Representatives of the stadium developers say no other secondary sites are being explored. But there’s also disagreement within the committee on whether a site even has to be a part of the recommendation. Hill has suggested that finalizing the site details could become the responsibility of a stadium authority board that would be formed to oversee the operations and financing of the project. But some committee members want the site to be a part of their consideration.
TAX DOLLARS AT ISSUE
In addition to site selection, a bigger controversy continues to be the level of supporting tax dollars to be used.
Clark County Commissioner Chris Giunchigliani, who isn’t a member of the committee, weighed in with a letter objecting to the use of any room-tax dollars for stadium construction.
At June’s committee meeting, Hill brought a proposal to reduce the public tax money commitment from $750 million to $550 million — a plan that received a frosty response from the development partners.

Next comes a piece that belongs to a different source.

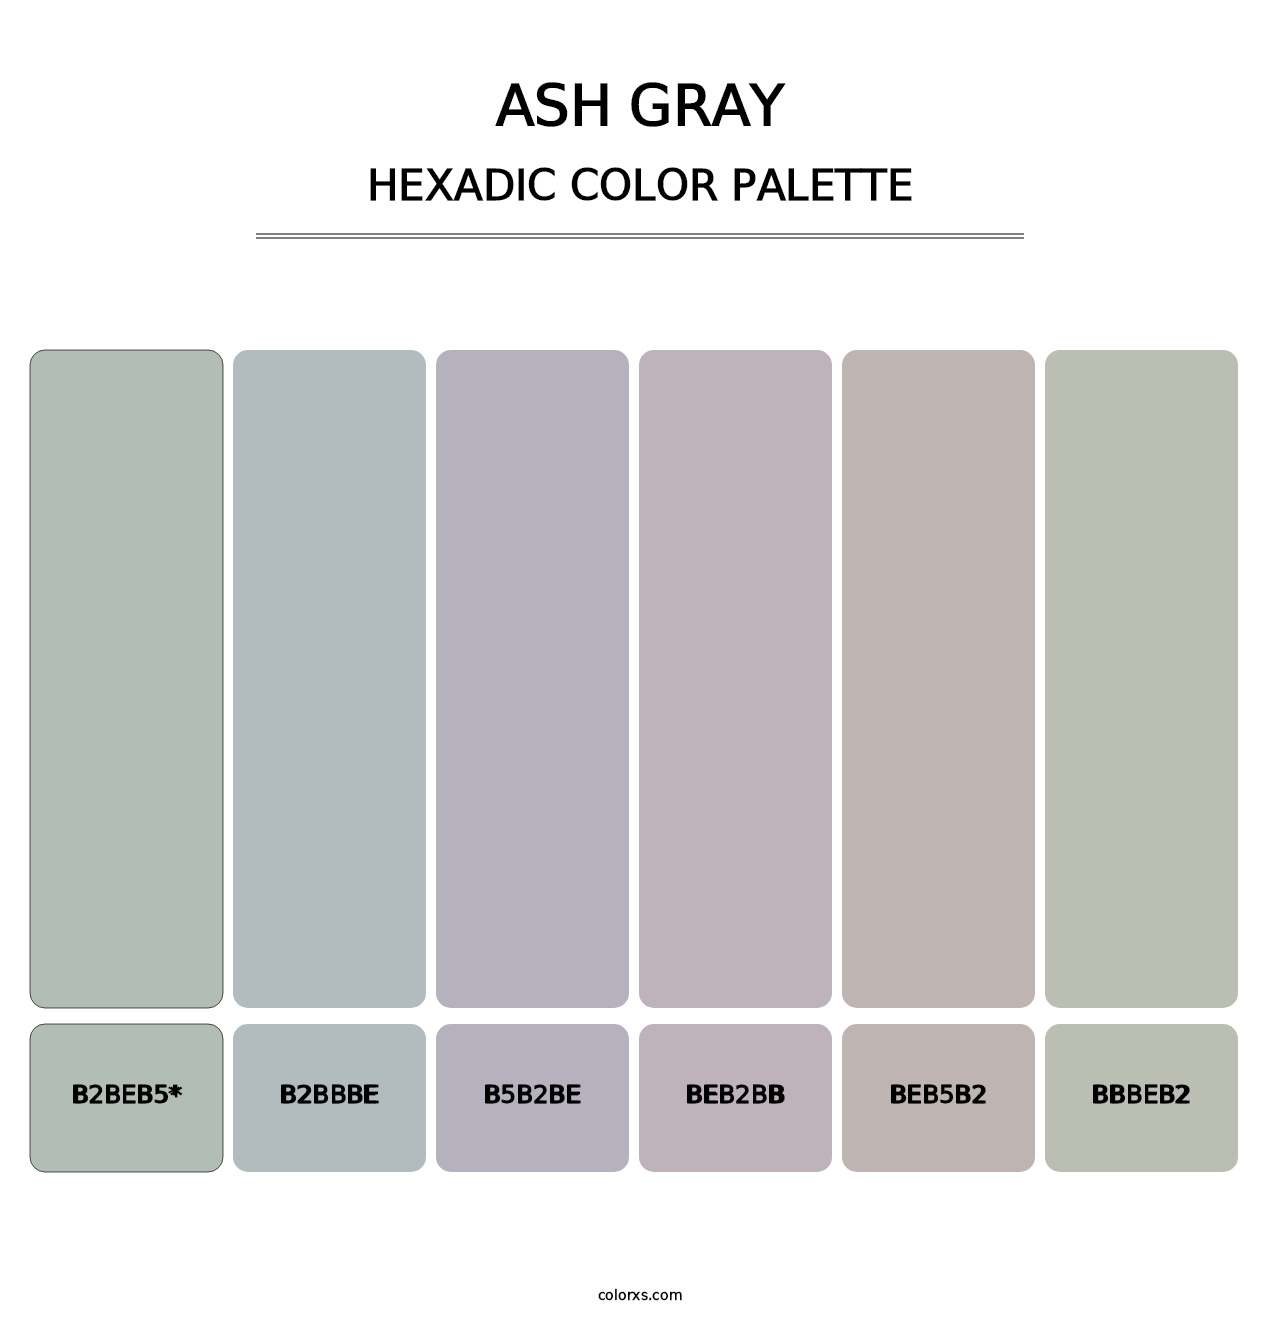 Ash Gray - Hexadic Color Palette

More discussion is expected on the stadium Monday, but a conversation about transportation issues isn’t on the agenda.
The biggest transportation element to emerge from committee discussions came in April when Clark County officials unveiled a plan for elevated expressways to move traffic between McCarran and the Strip. Critics fear those plans would slow efforts to build what they think the Strip really needs — a light-rail system. Urban planners also have criticized elevated expressways as outmoded solutions to transportation problems. Transportation experts have said finding a site may be necessary before transportation recommendations are made.
Will Hill and the committee be able to bring their recommendations to the finish line by July 28?
Hill said this month it’s too early to discuss whether he would request an extension of the deadline from the governor, and a spokeswoman for the governor echoed those sentiments in an email.
Monday’s meeting begins at 8 a.m., at the Stan Fulton Building at Flamingo Road and Swenson Street.